At first I didn’t believe that she was the same woman from the photos. She was incredibly thin, her hair now a dull orange, her face hollow. She said she’d been back in New York for about a year, and she needed money. She said she had nowhere else to go. She stayed with us for two days. She slept in our guest room, ate our food, used our shower. She didn’t hug me or ask about my best subject in school. Her blue eyes darted around nervously, never resting on anything, even me—
especially
me—for longer than a second. And then she left, with cash in her purse and a promise to stay in touch. We didn’t hear from her again for five years.

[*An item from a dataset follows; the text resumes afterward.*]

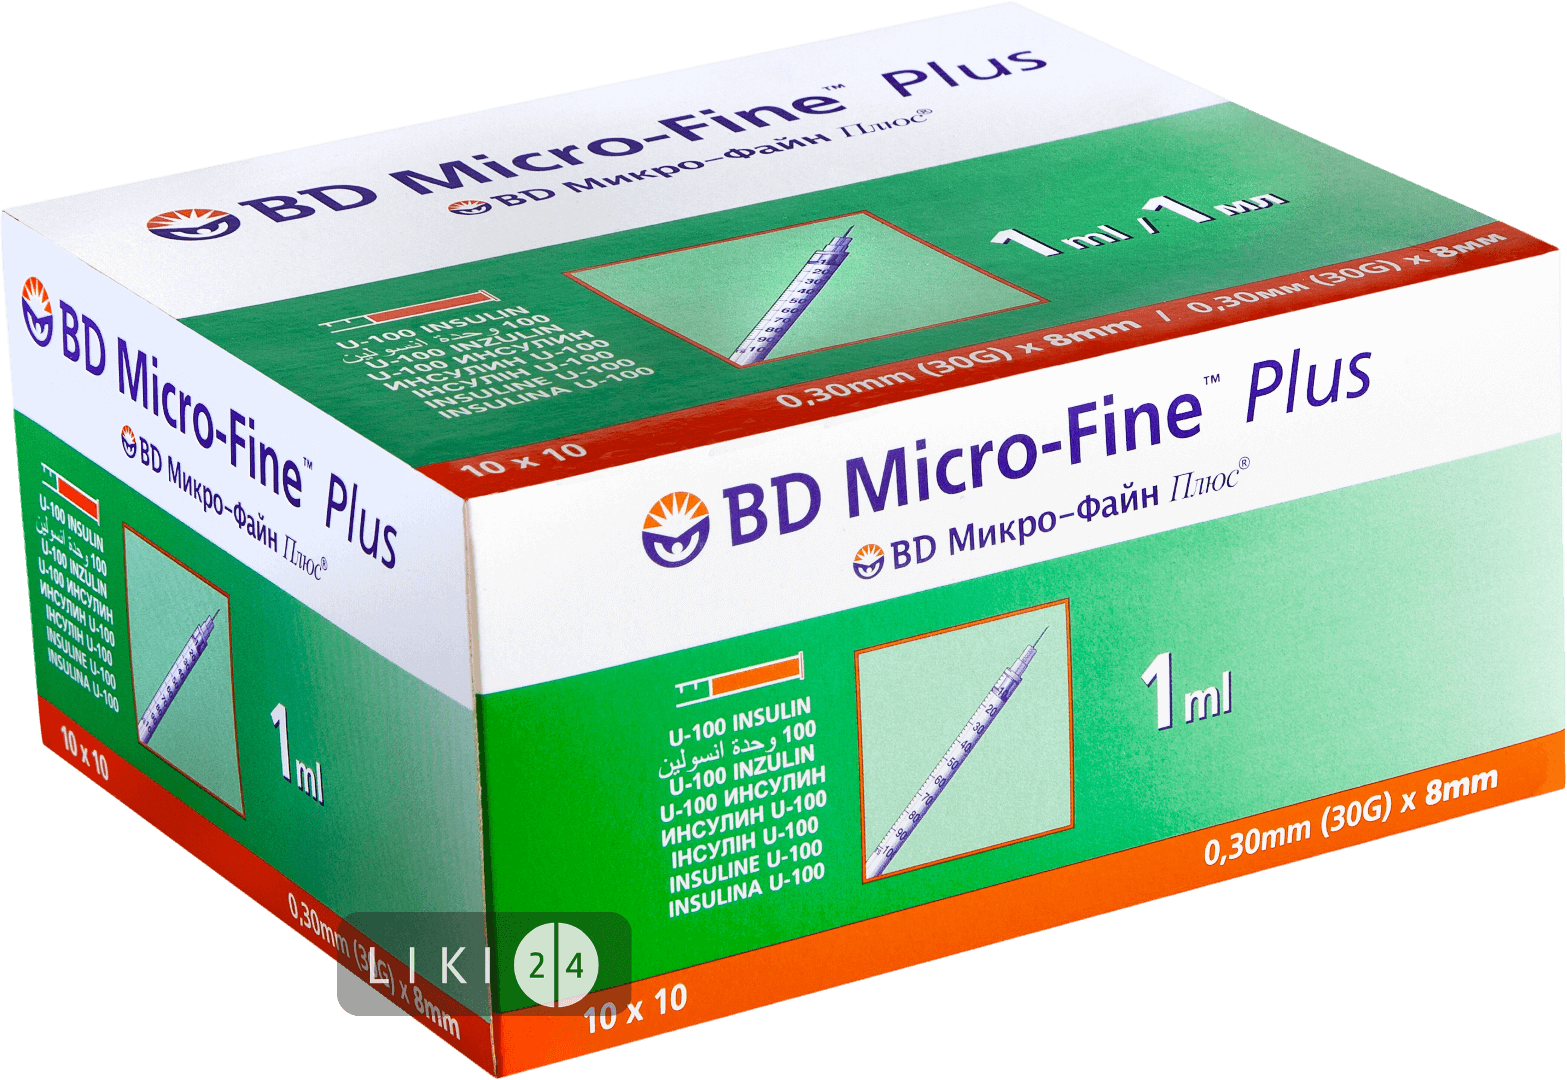 

Шприц ін'єкційний інсуліновий одноразового застосування bd micro-fine plus U-100 1 мл, з голкою 0,3 мм (30 G) х 8 мм №100, U-100 1 мл, з голкою 0,3 мм (30 G) х 8 мм

The second time she turned up, she again materialized at our house with no warning. But this time she seemed a lot more put-together—she was wearing makeup and looked a lot healthier. She didn’t ask for money—she said she just wanted to get to know me. This time, my dads deferred to me—did I want Lisa to stay with us again? This was my chance—I was thirteen and growing breasts and had recently gotten my period, and the idea of having a mother around was incredibly appealing. I nodded shyly, and Lisa moved in. And it was great. I took her to see my favorite Broadway shows and played her the songs I was learning in my guitar lessons. She told me stories about traveling around Europe and Asia and North America with rock bands. We went shopping and got pedicures. I even introduced her to Max and Courtney.

And then one day, after she’d been living with us for about a month, she was gone. She left a note on the kitchen counter saying that this was all too much too fast and that this life was not what she wanted for herself. I cried myself to sleep for weeks.

And now here she was, sitting in my living room for the third time in my life.

“What is she doing here?” I asked again.

“Lucy,” Dad said, “why don’t you sit down?”

“Just answer my question.”

“Well,” Dad said cautiously, “Lisa has asked if she can stay with us for a little while, and I think we should all sit down and discuss our feelings on the subject.”

I felt like the wind had been knocked out of me. I couldn’t deal with this right now.

“I’m going to spend the night at Courtney’s,” I said, and ran upstairs.

I logged onto my laptop and three-way Skyped Courtney and Max. “We’re going out tonight,” I declared.